*GIVEN DATA*:
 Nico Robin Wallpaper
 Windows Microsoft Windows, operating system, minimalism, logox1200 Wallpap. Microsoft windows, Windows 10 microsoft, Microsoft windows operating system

--

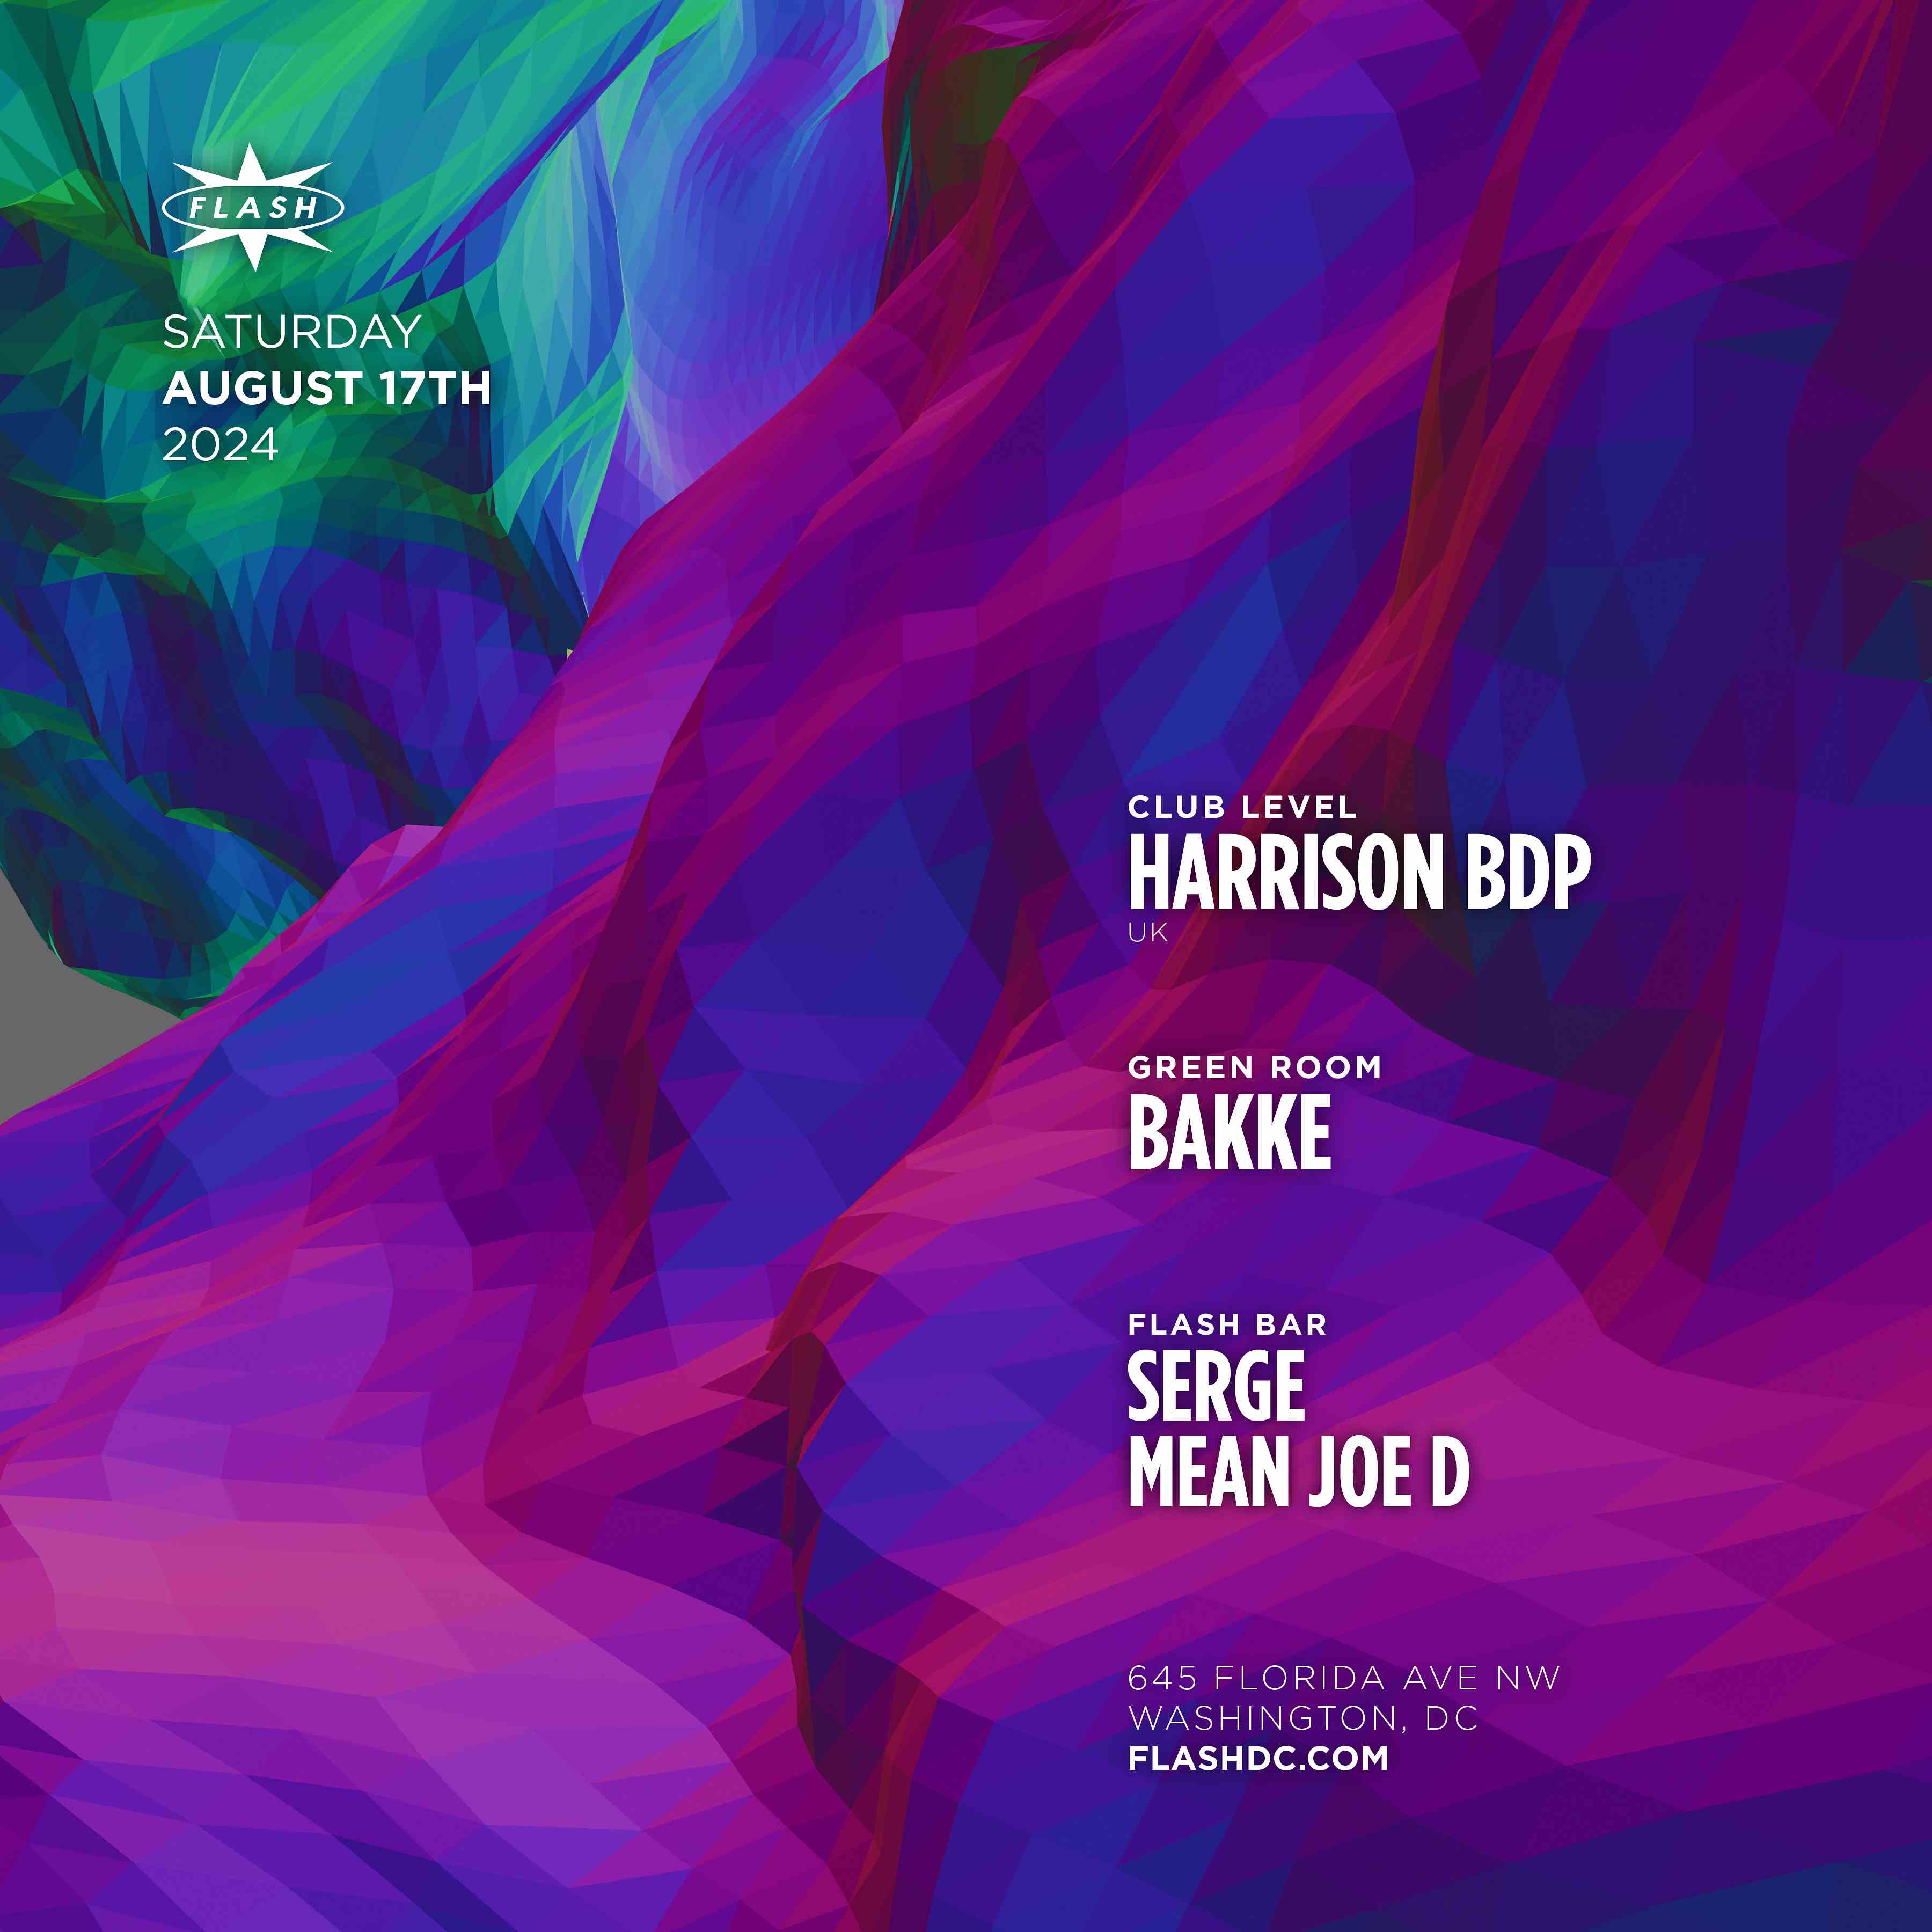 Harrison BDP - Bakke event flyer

---

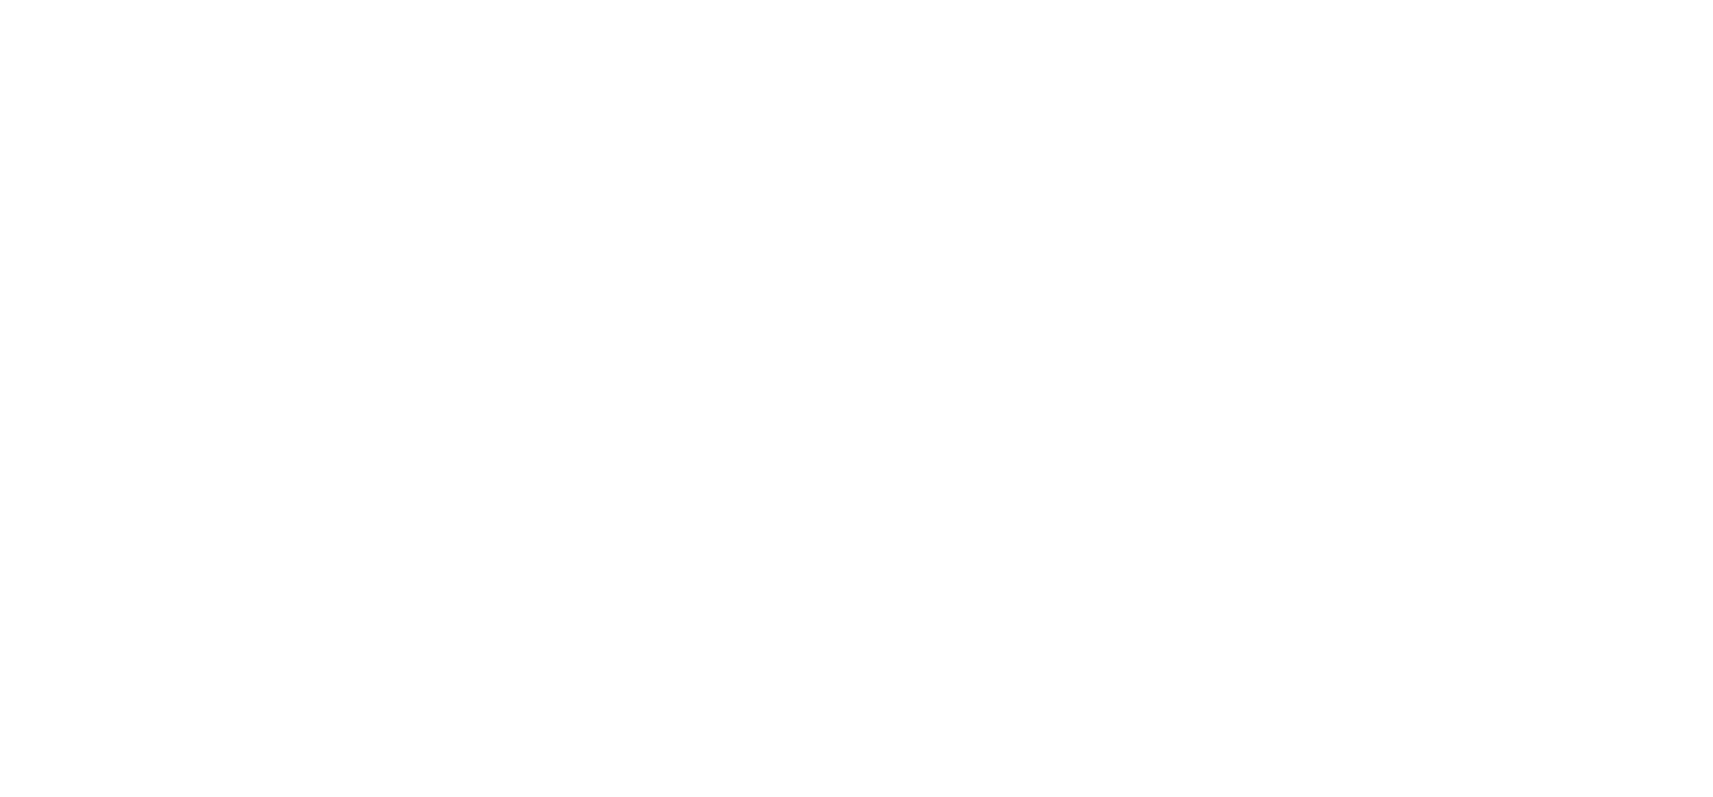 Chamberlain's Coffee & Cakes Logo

*BRIEF*:
Take the line above containing "Nico Robin Wallpaper", the line containing "Windows Microsoft Windows, operating", and all lines in between, and copy them exactly without anything else.

*ANSWER SECTION*:
 Nico Robin Wallpaper
 Windows Microsoft Windows, operating system, minimalism, logox1200 Wallpap. Microsoft windows, Windows 10 microsoft, Microsoft windows operating system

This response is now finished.